- **WHAT IS REQUIRED**
From the listing below, reproduce exactly the lines starting with the one with "mariana seoane totally naked" and going on through the one with "Fengbay High Waist Yoga Pants", both ends kept. No picture is copied.

-------- DATA SHOWN

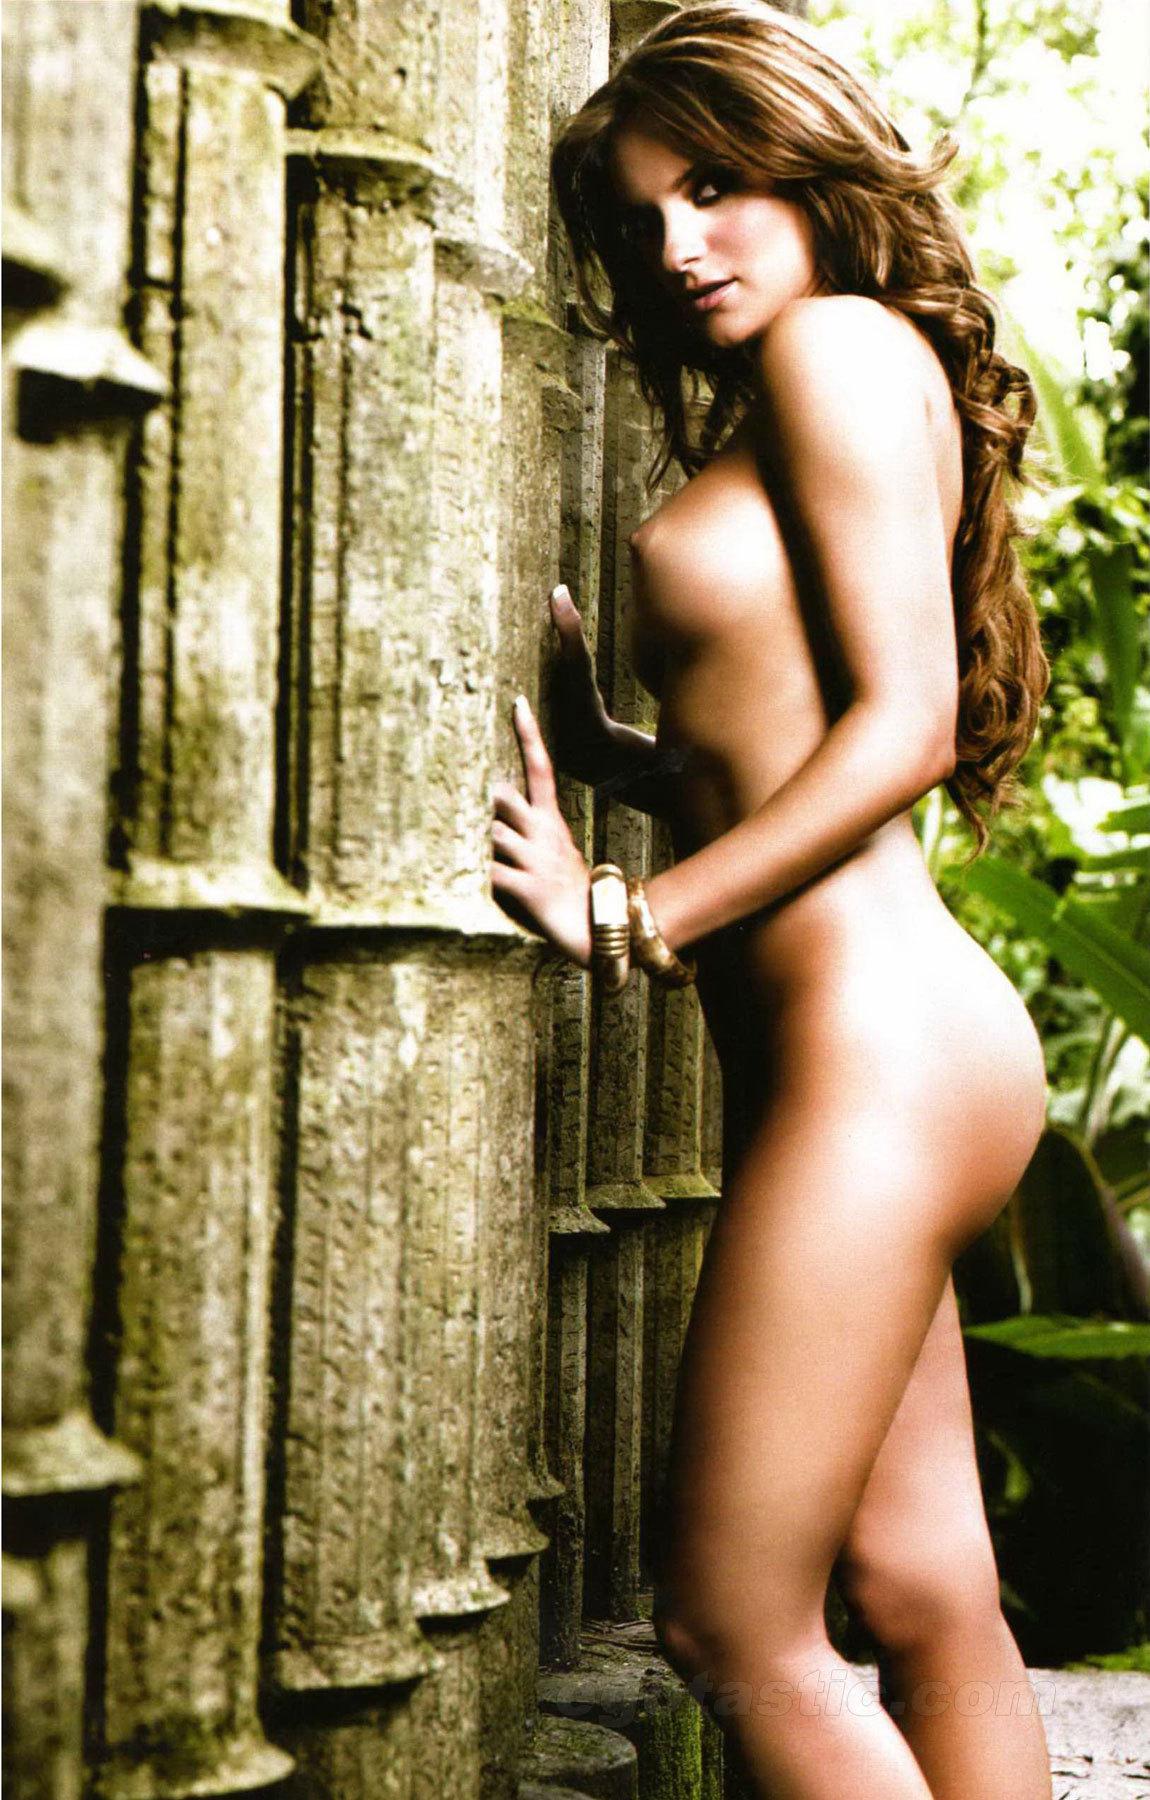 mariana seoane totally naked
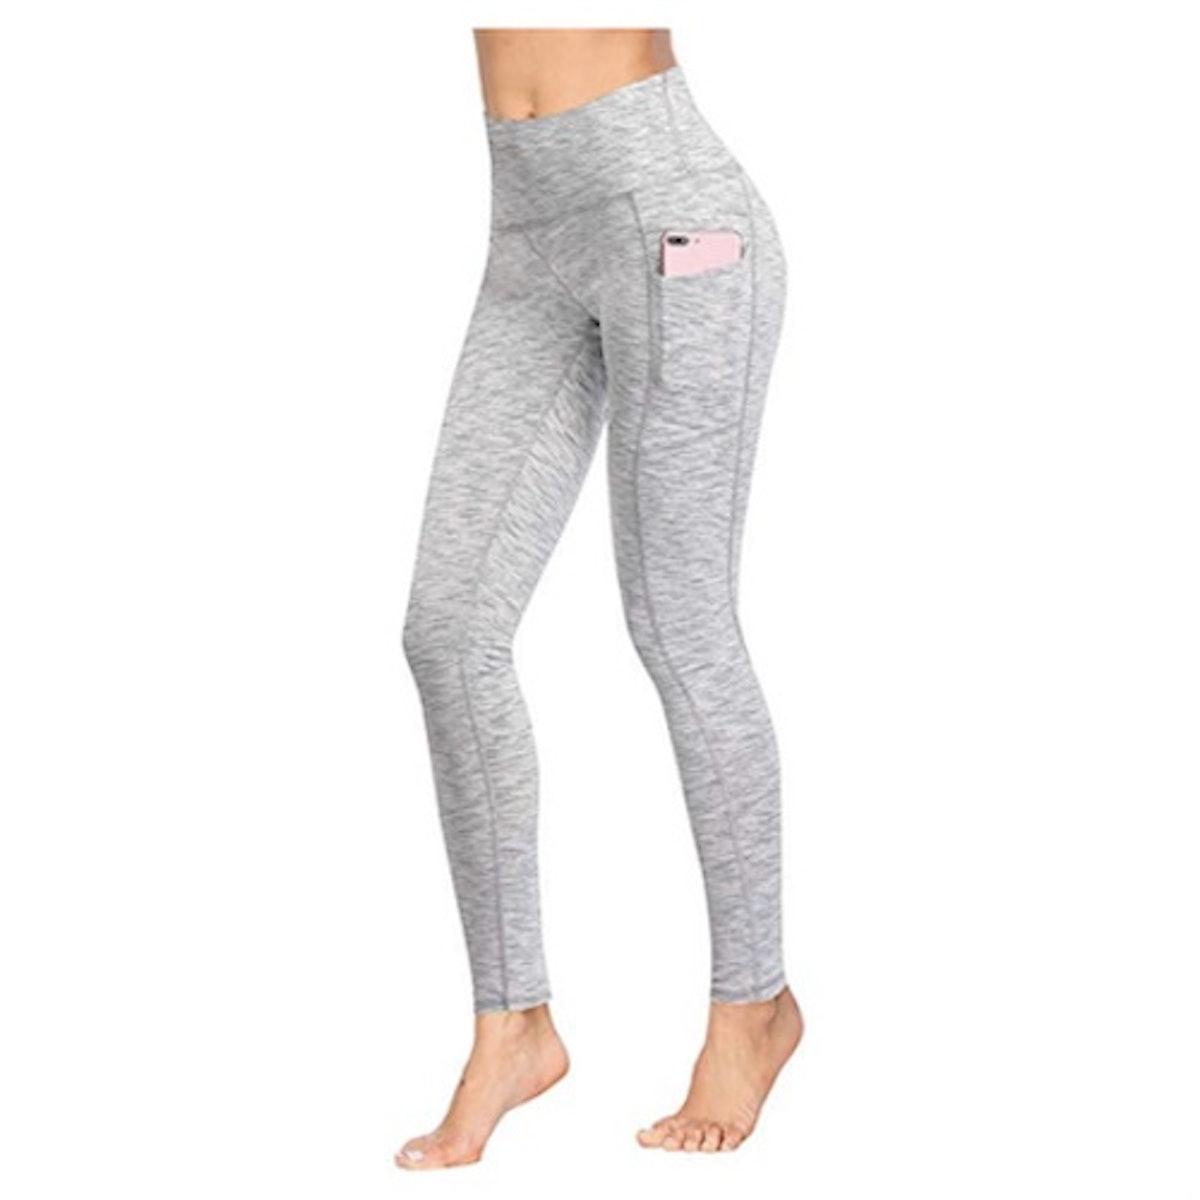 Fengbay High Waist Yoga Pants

----------------
-------- DATA SHOWN

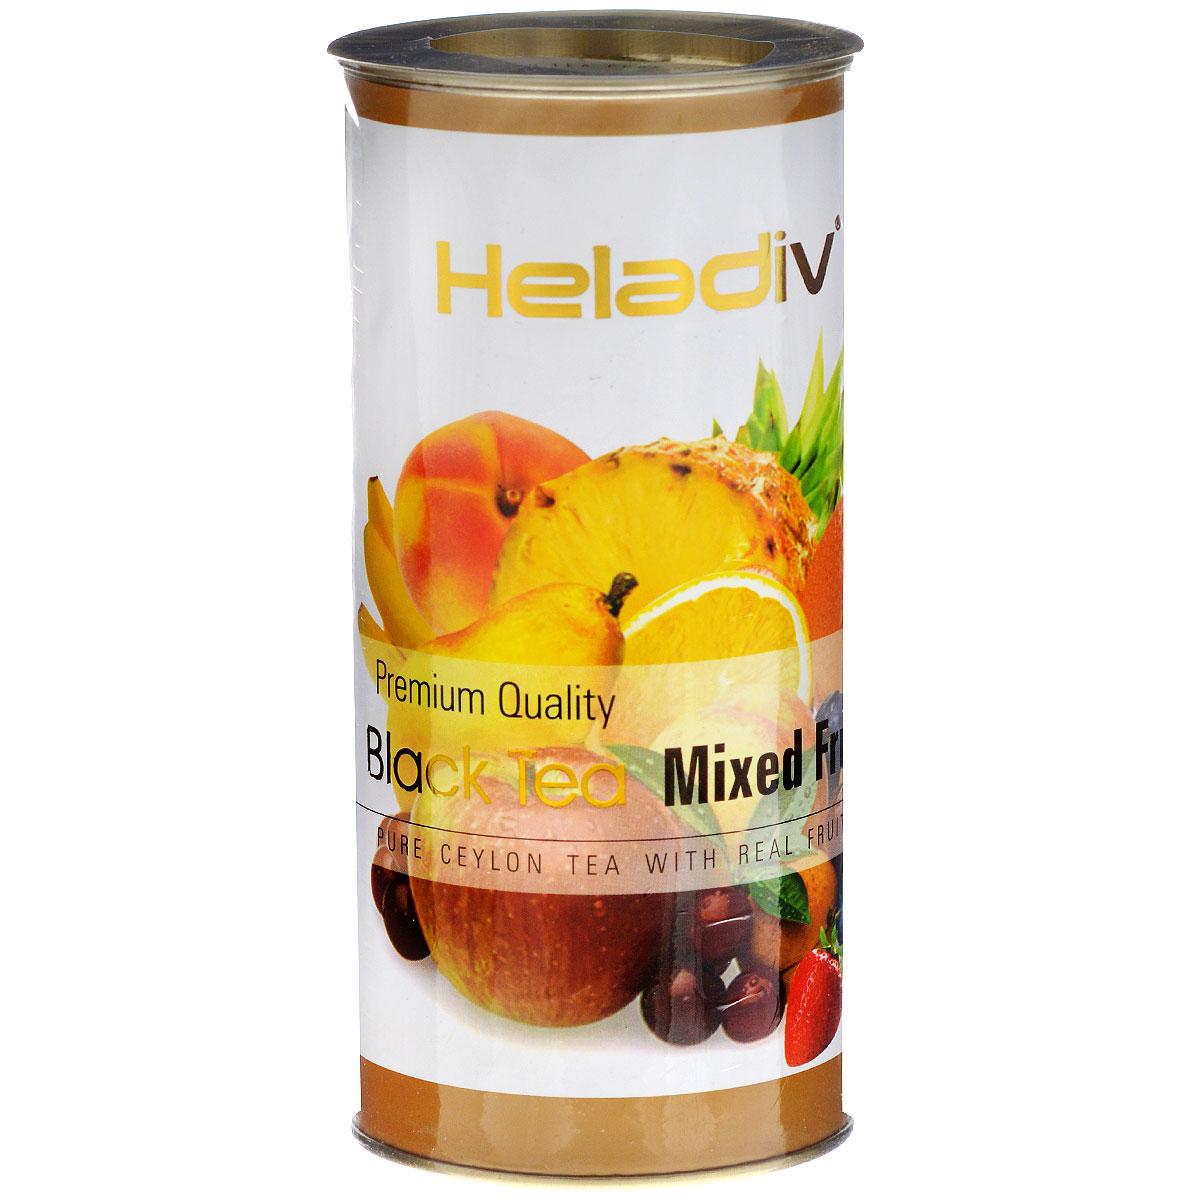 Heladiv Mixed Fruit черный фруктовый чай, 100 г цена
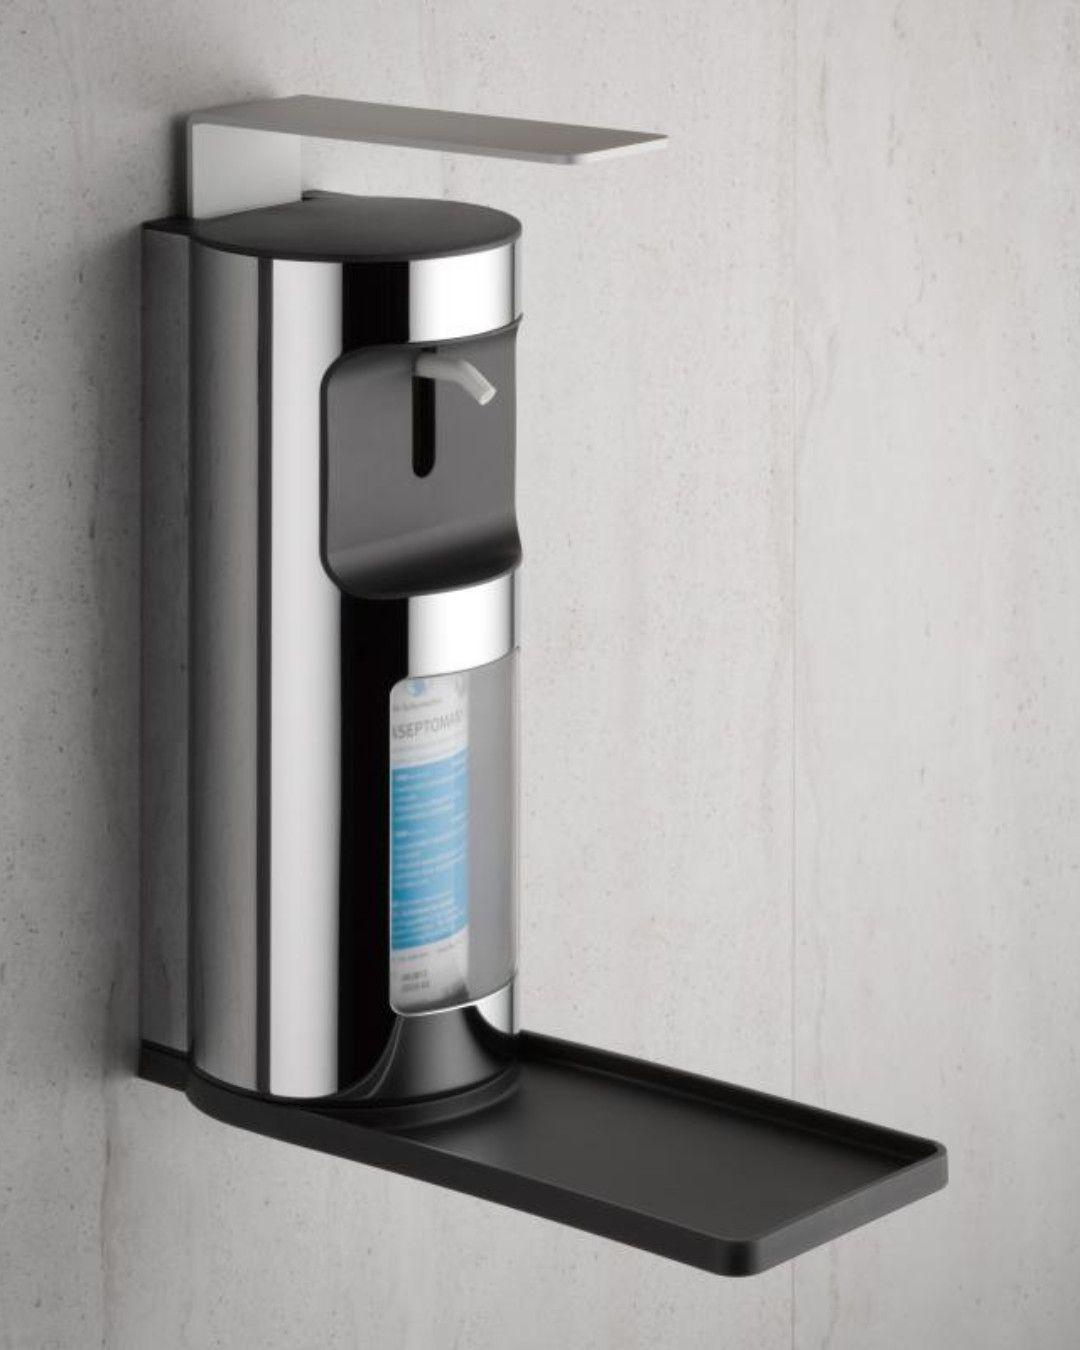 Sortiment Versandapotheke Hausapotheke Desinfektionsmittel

----------------
-------- DATA SHOWN

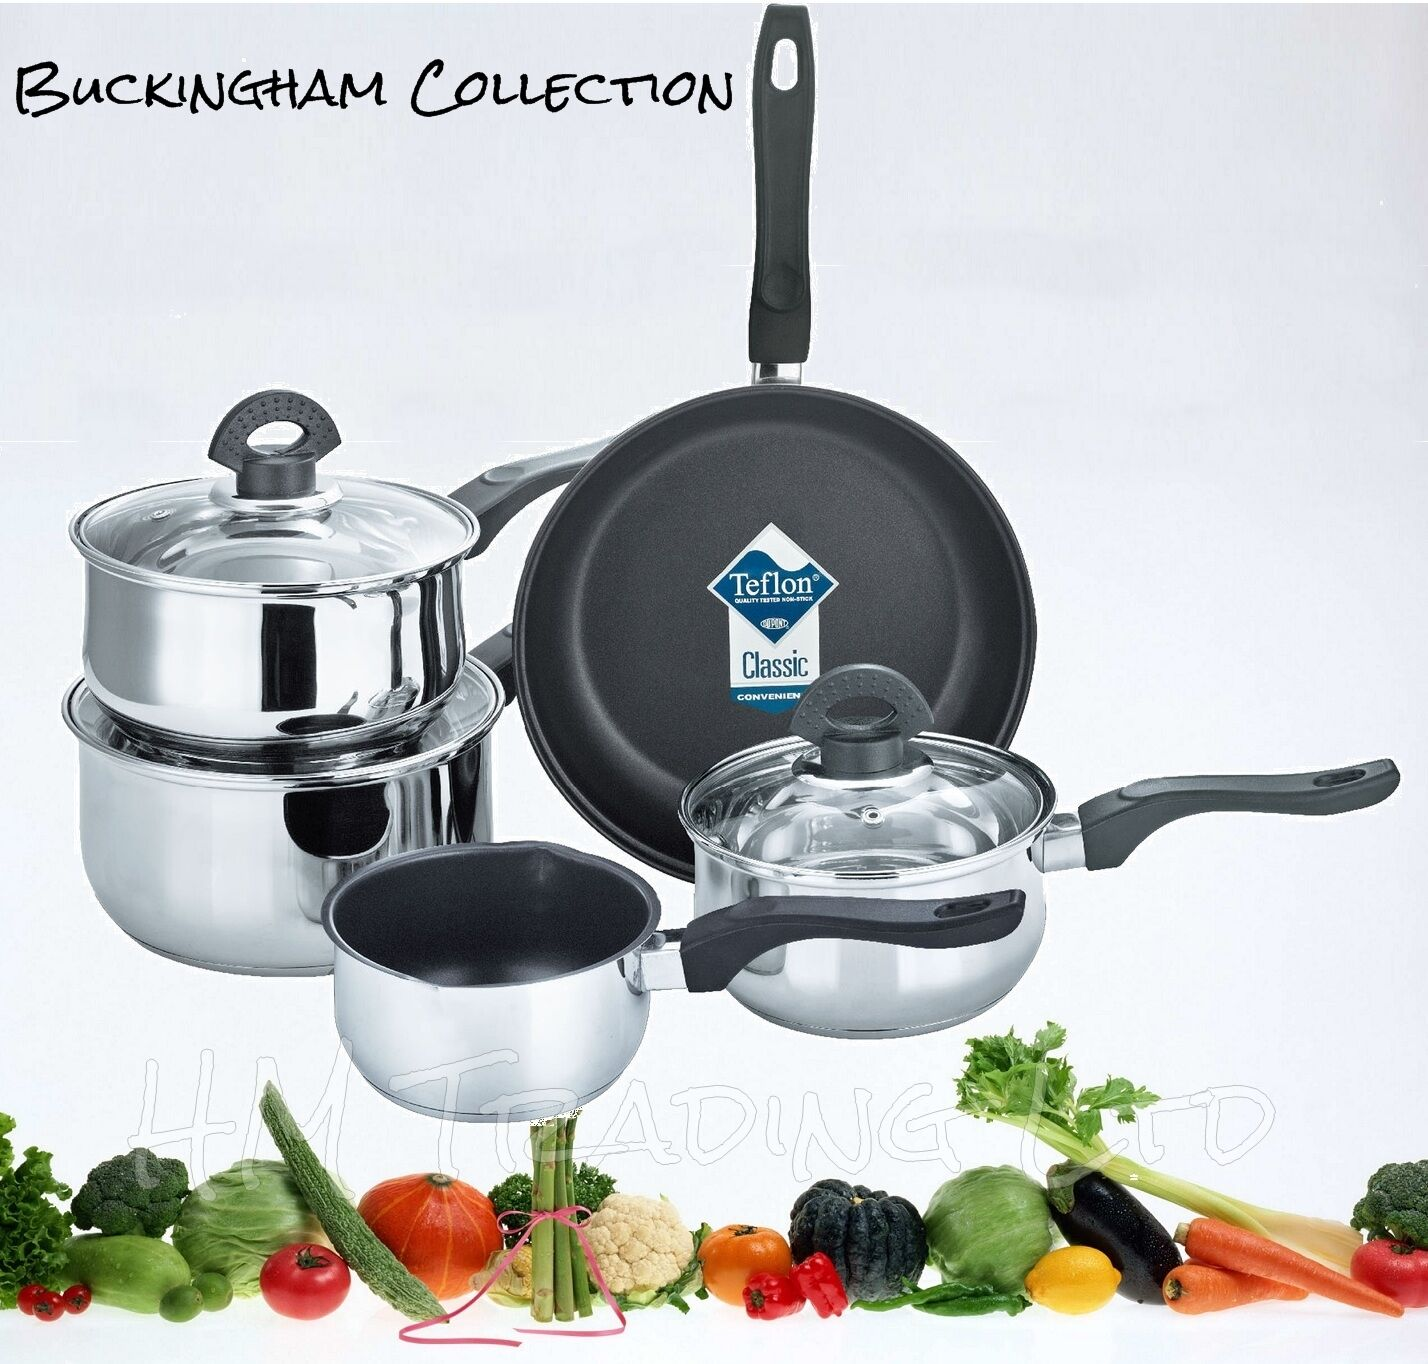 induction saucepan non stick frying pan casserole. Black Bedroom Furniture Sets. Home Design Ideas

----------------

- **FINISHED TASK**
 mariana seoane totally naked
 Fengbay High Waist Yoga Pants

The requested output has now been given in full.